How many machinist do we have in fabo

40 year machinist here....Cut my teeth when I apprenticed as a Tool and Die Maker back in the Eighties in So. Cal ( I ran Surface Grinders, Radial Arm Drills, Shapers and a Bridgeport Mill there), and did that for two years but was already into Hot Rodding and MOPARS.

After T & D, I went to work for a now defunct but significant at the time local manufacturer of Racing Products ("Summers Bros" of Goldenrod Fame) Axles, Spools, Gear Drives, Main Caps, etc and worked there for close to 8 years, ran a cylindrical grinder there doing axle journals and my 1st NC "Numeric Control" (pre-dated CNC) a Leblonde Lathe and later my 1st CNC Lathe, a Hitachi...Pretty cool place for a young man as we supplied axles to Glidden. WJ, Rickey Smith and Reher Morrison all of whom were visitors to the shop.

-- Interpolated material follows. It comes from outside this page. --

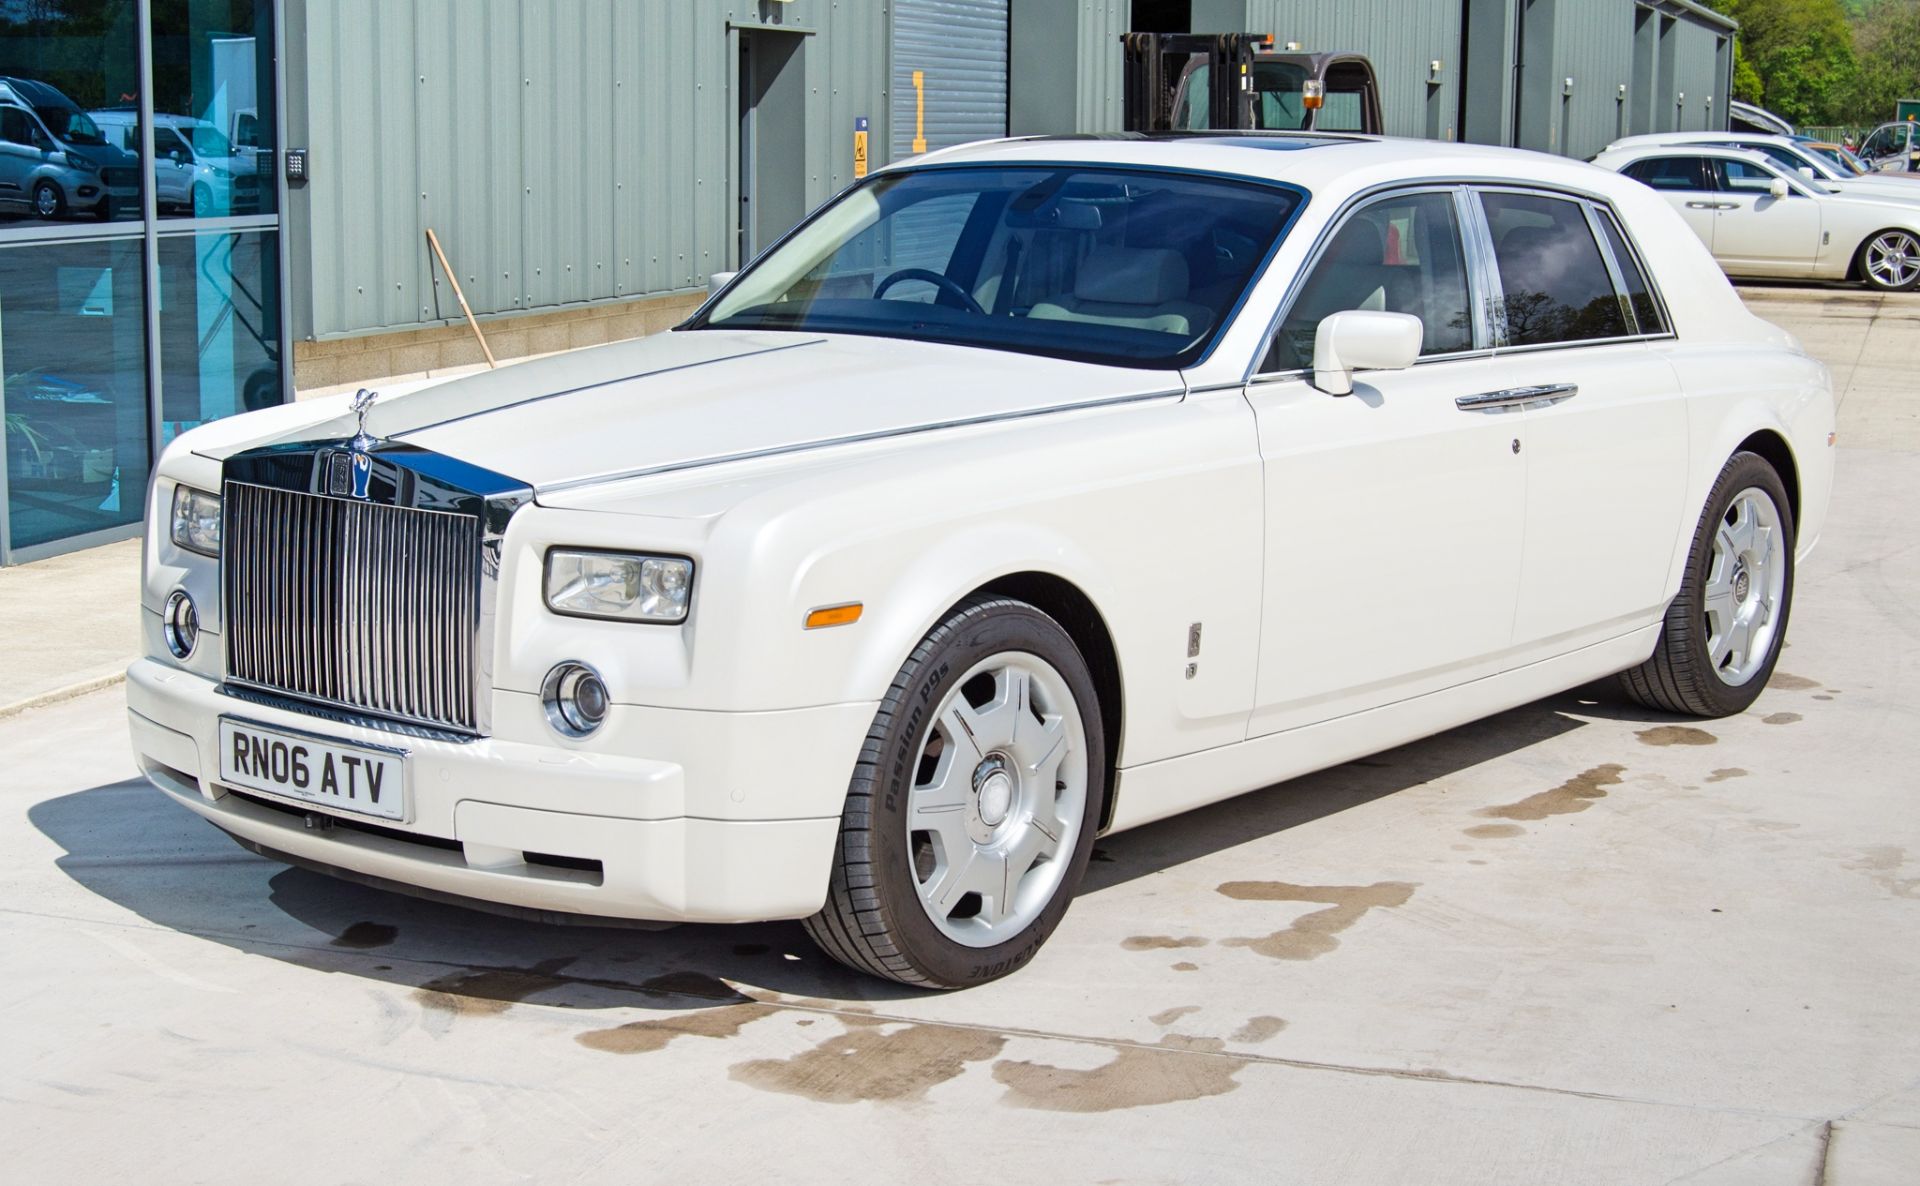 Rolls Royce Phantom 6749cc V12 Auto 4 door saloon car Registration Number: RN06 ATV Date of

Later worked for a few different job shops, again running primarily a variety of CNC Lathes and always doing my own G-Code programming...

I then became a Mold Maker building Rubber Molds (Transfer and Compression) where I got my 1st taste of a Mazak CNC Lathe and started programming in Mazatrol which is just a conversational type of programming that gets converted to G-Code in the background..Absolutely Love the Mazaks and prefer them over straight G-Code machines.

I did the Rubber Molds for Ten Years and then moved to Texas and worked in the Oil Patch doing Prototype work for almost 20 years again running a Huge Mazak Powermaster CNC Lathe and some other smaller Mazak CNC Lathes in the unit as well as some Weiler Lathes.

Unfortunately, the Oil Patch job I had hoped to retire from closed their doors in August of last year and now I'm an Older Guy (Very Experienced) but Older and Discrimination is the Real Deal out there.

I started anew again in November of last year and I'm now repairing Plastic Injection Molds for a small local company.. I've got to do it all there from Band Sawing the raw material to running the Engine Lathe, A lot of Surface Grinding on Pins, Plates and Sleeves and Running Bridgeport Mills.......The big change here and a huge learning curve for me is they have 8 CNC Mills and 1 CNC Lathe (all Haas) and all of the programs are created from "Mastercam" software. So I actually have to create a Wireframe model, sometimes 3D and sometimes extruded into a Solid depending on the parts geometry and complexity and then you actually chain to parts of the geometry and it generates a program which you then upload to the machines control.

Pretty elaborate stuff and had to talk myself off the ledge more than once when I 1st started using Mastercam as there are just so many different toolpaths and complexities associated with that it can be very overwhelming when 1st using it but I'm definitely getting better and though I'm at the tail end of my career in all reality if you can become proficient with Mastercam, you can write your own ticket and get a job anywhere getting top wages.